=== TASK TO CARRY OUT ===
Pictures aside, every line of the listing should be given again exactly.

=== DATASET EXCERPT ===

[Start of Attachment]

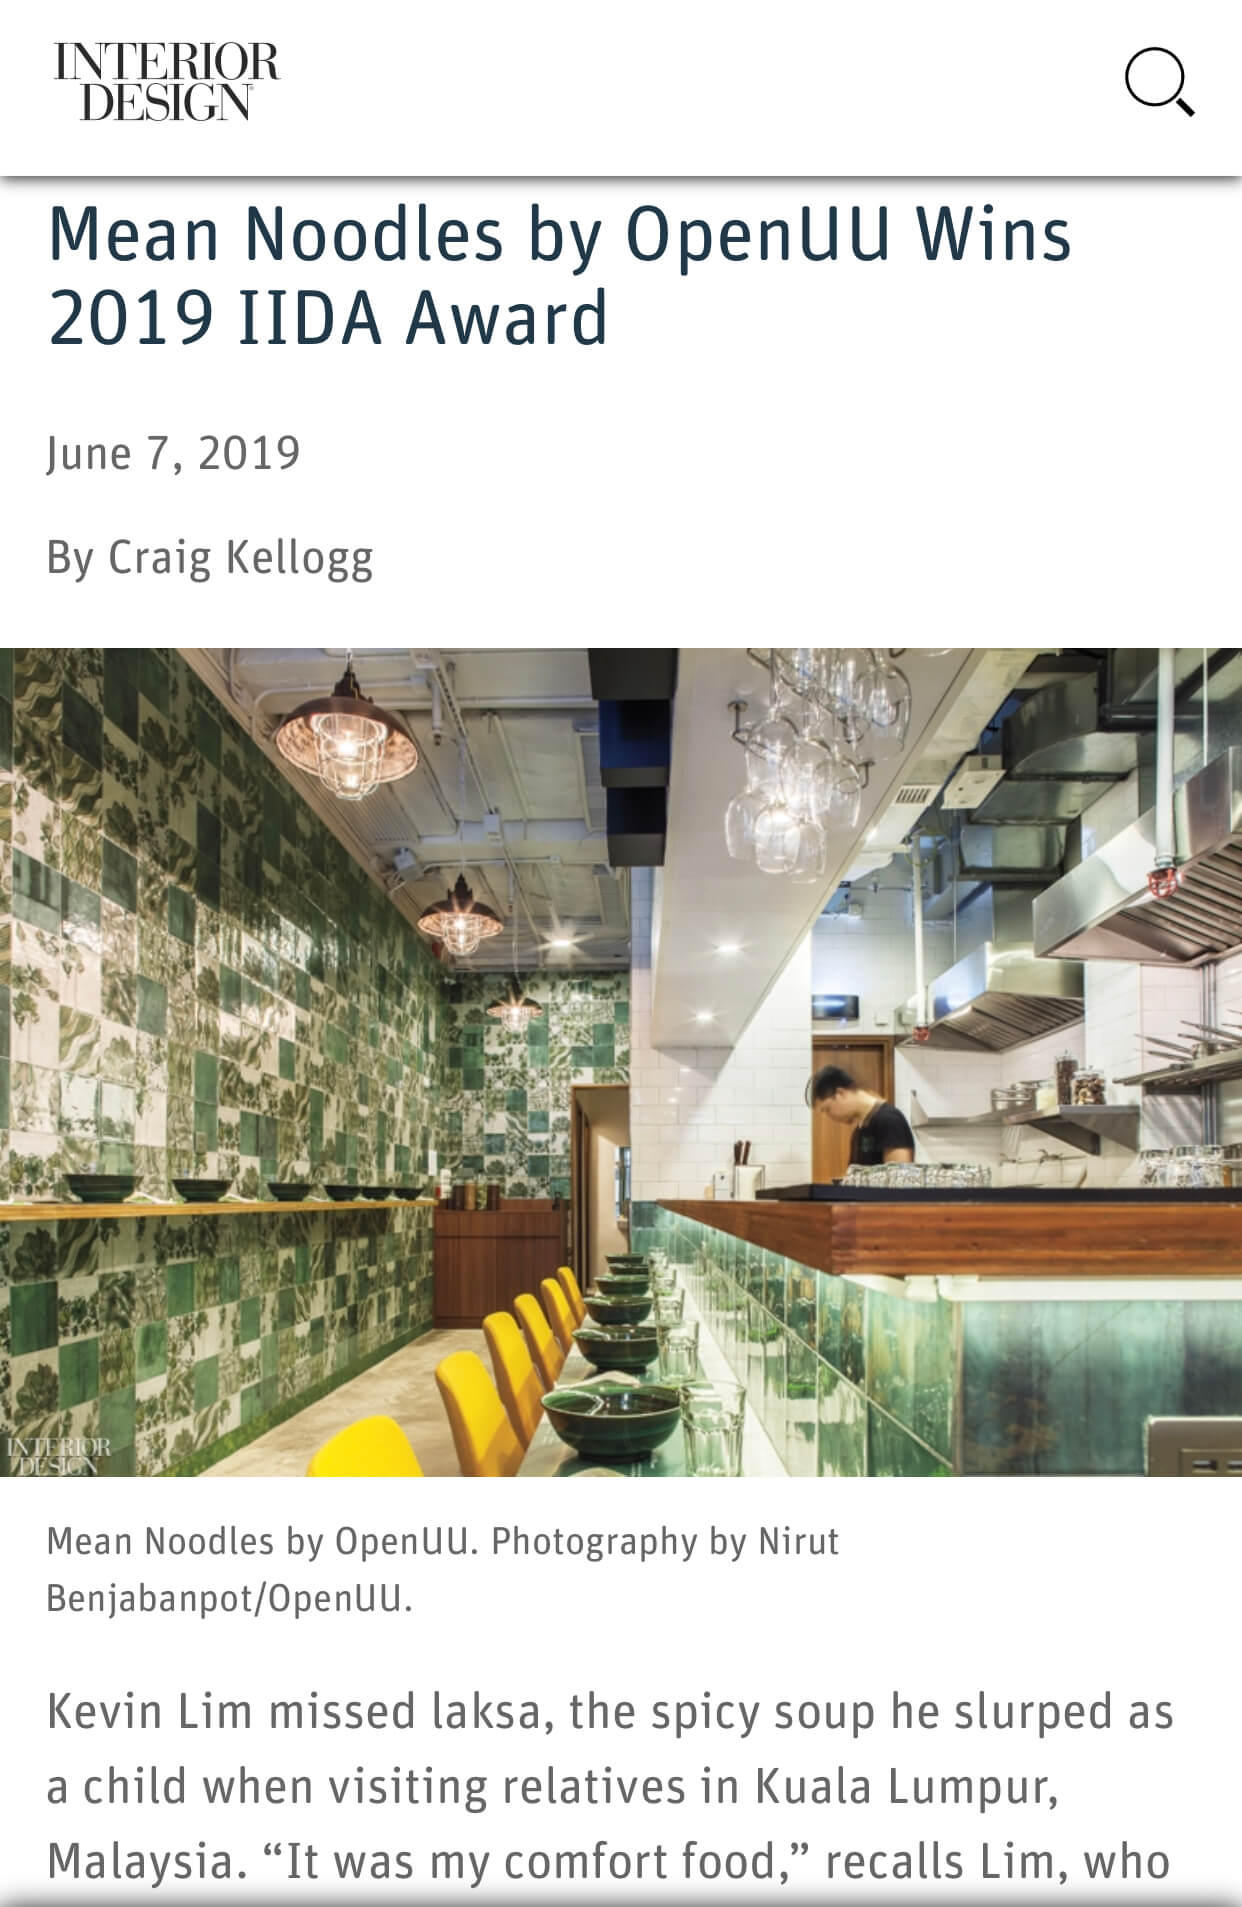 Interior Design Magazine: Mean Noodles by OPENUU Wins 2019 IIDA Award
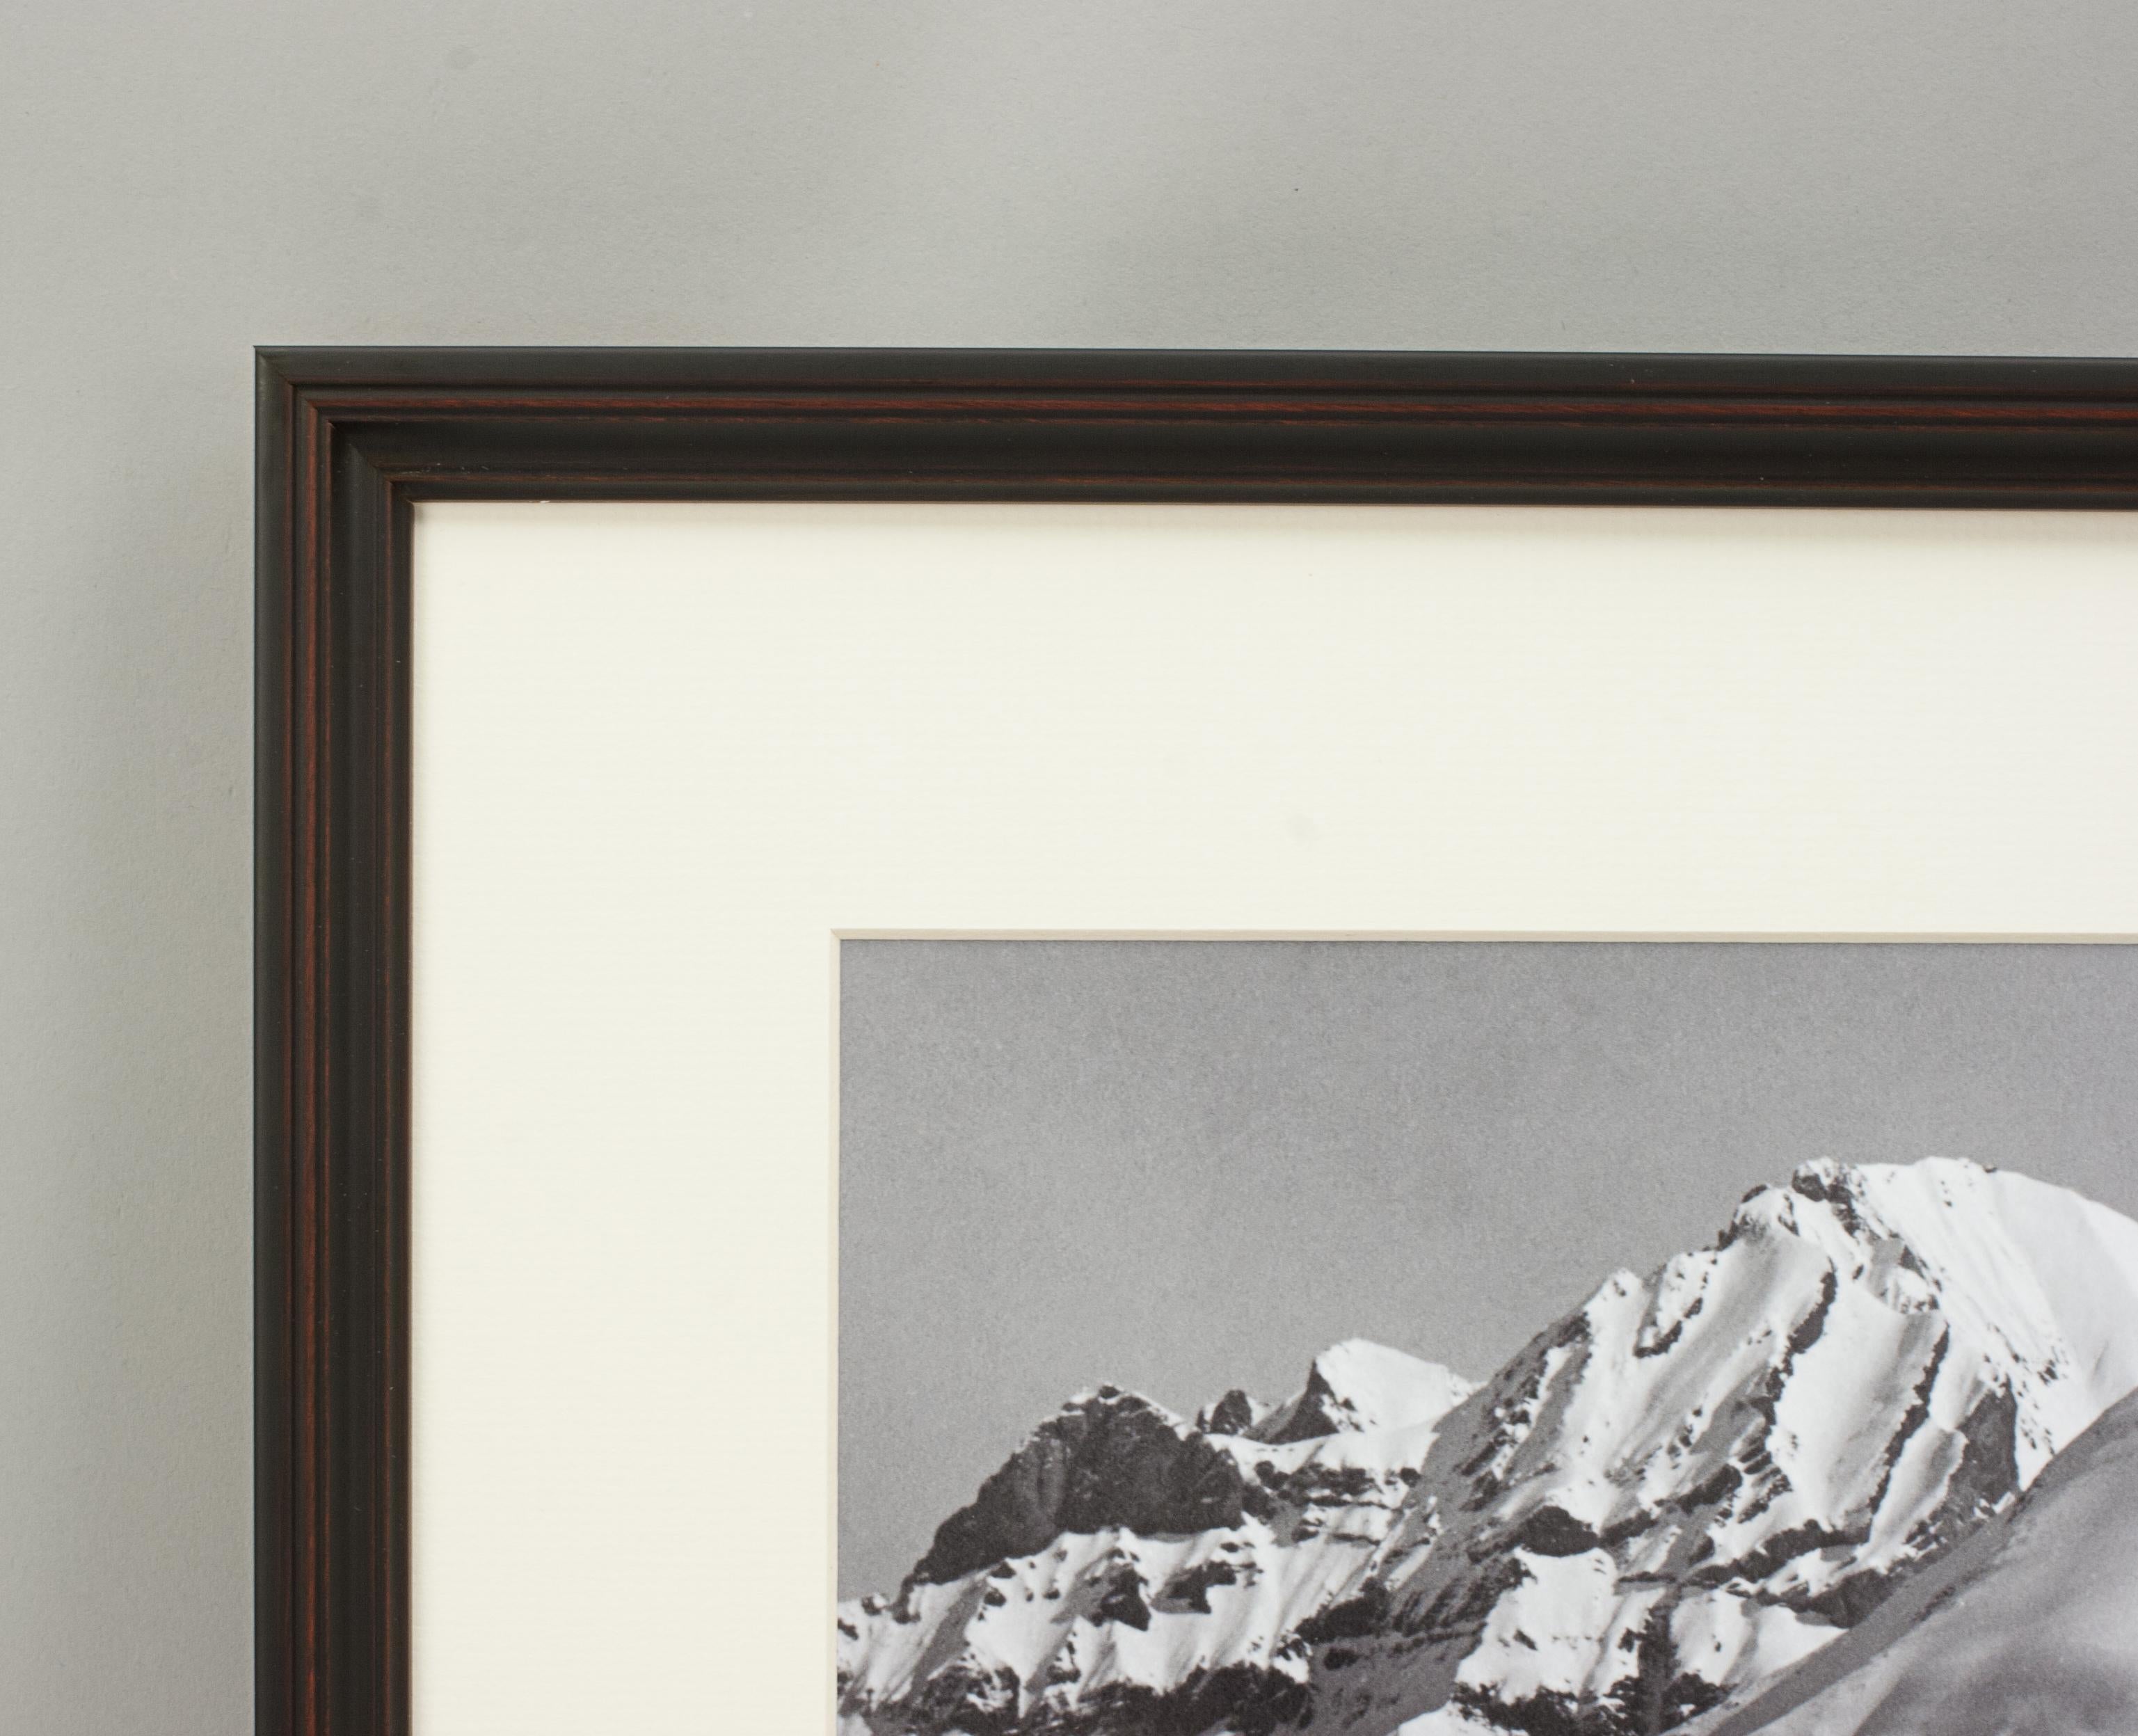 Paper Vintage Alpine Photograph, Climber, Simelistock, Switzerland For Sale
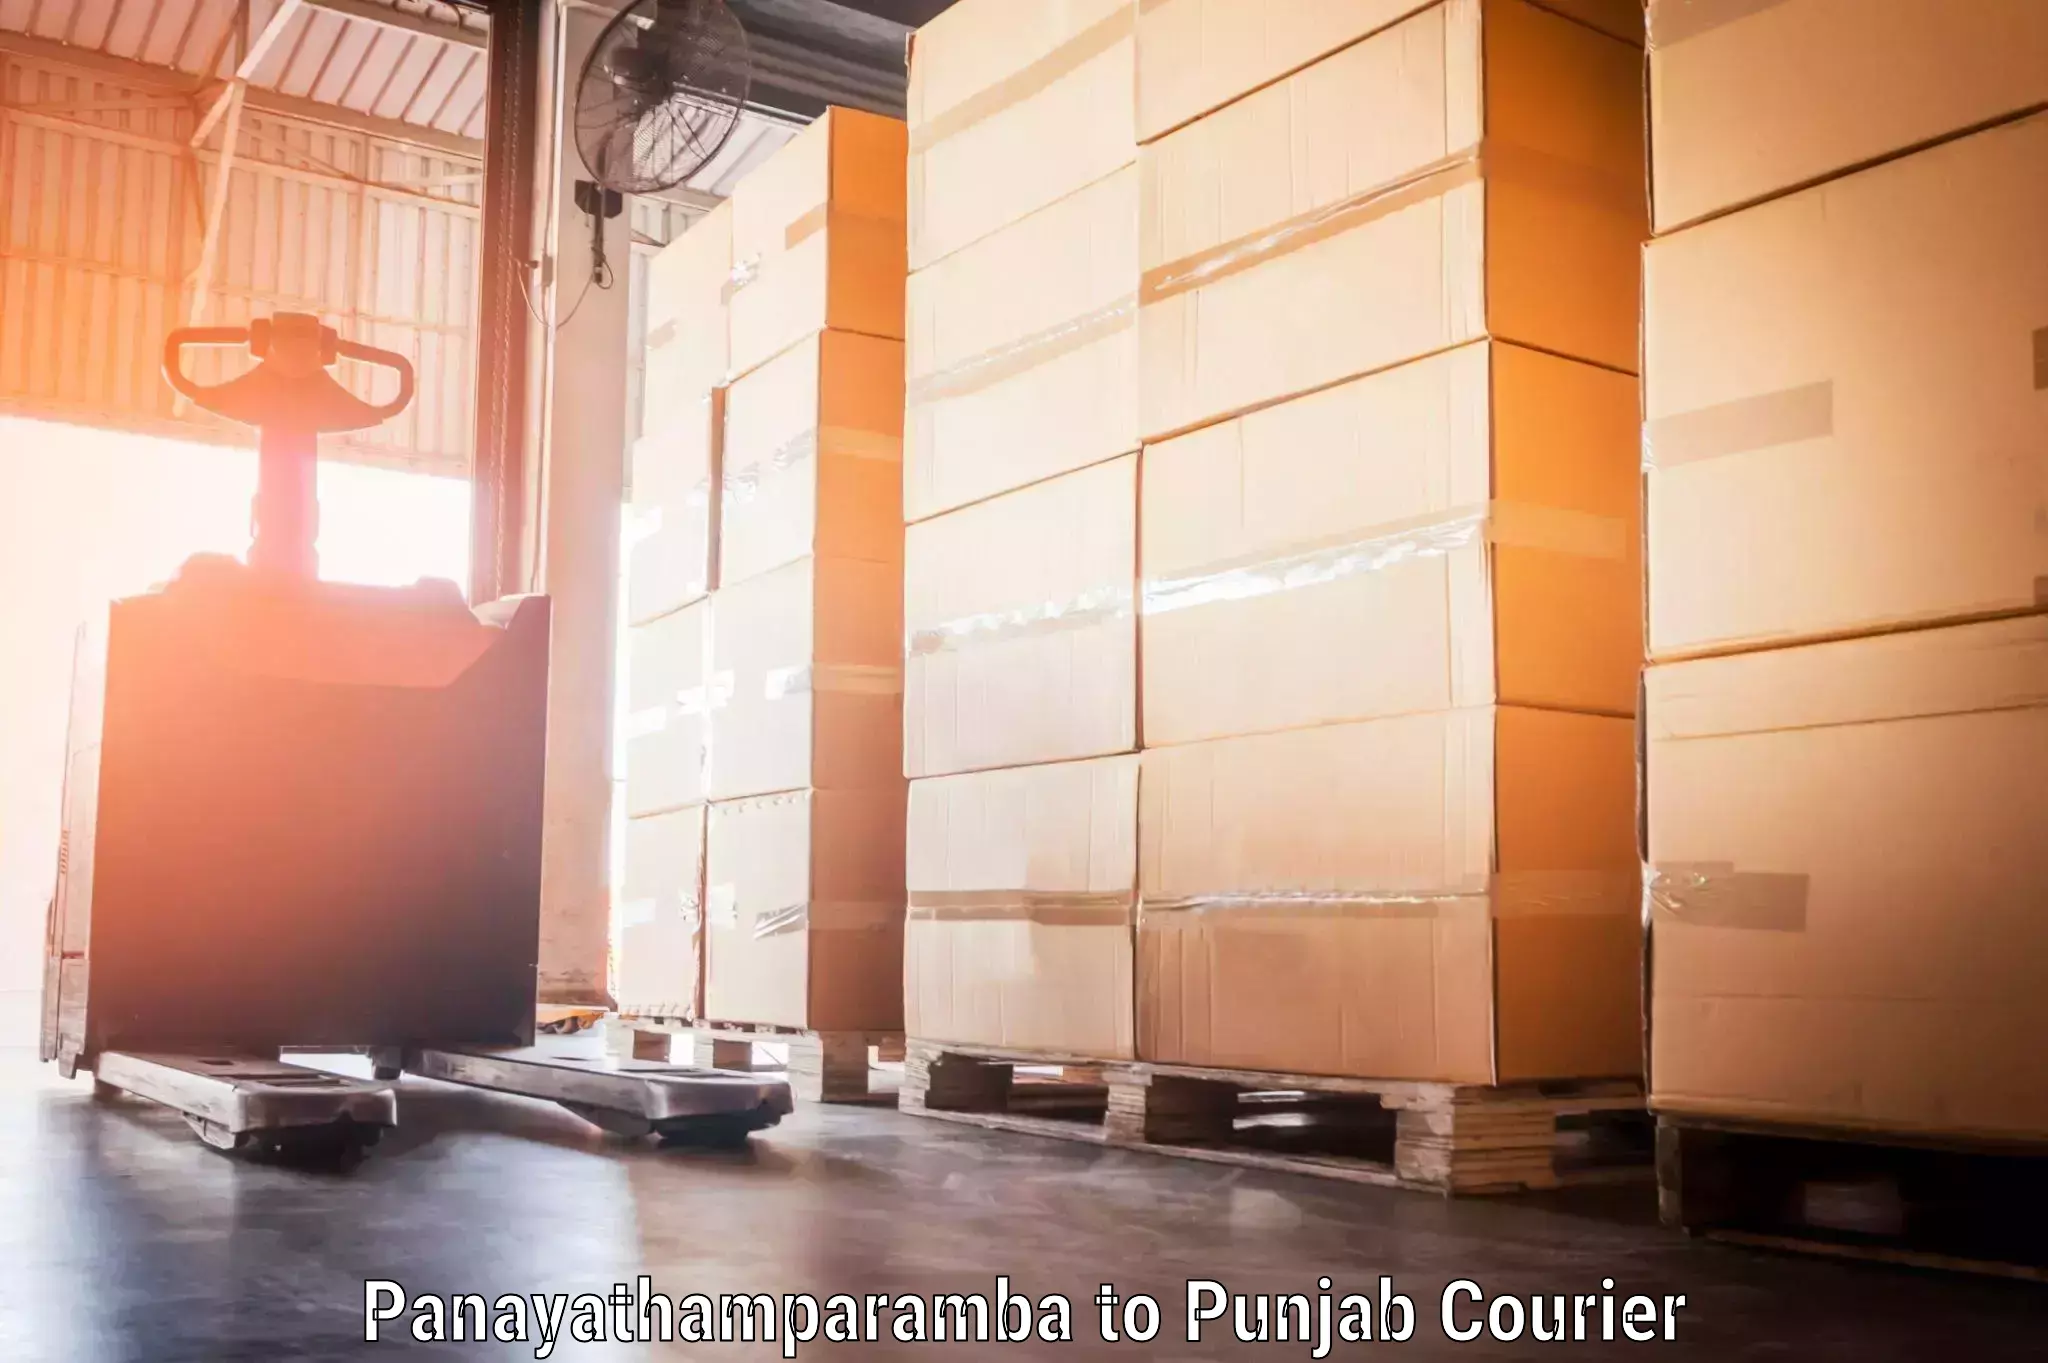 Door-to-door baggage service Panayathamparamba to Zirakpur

[End of Attachment]

=== SOLUTION TO THIS EXERCISE ===
 Interior Design Magazine: Mean Noodles by OPENUU Wins 2019 IIDA Award
 Paper Vintage Alpine Photograph, Climber, Simelistock, Switzerland For Sale
 Door-to-door baggage service Panayathamparamba to Zirakpur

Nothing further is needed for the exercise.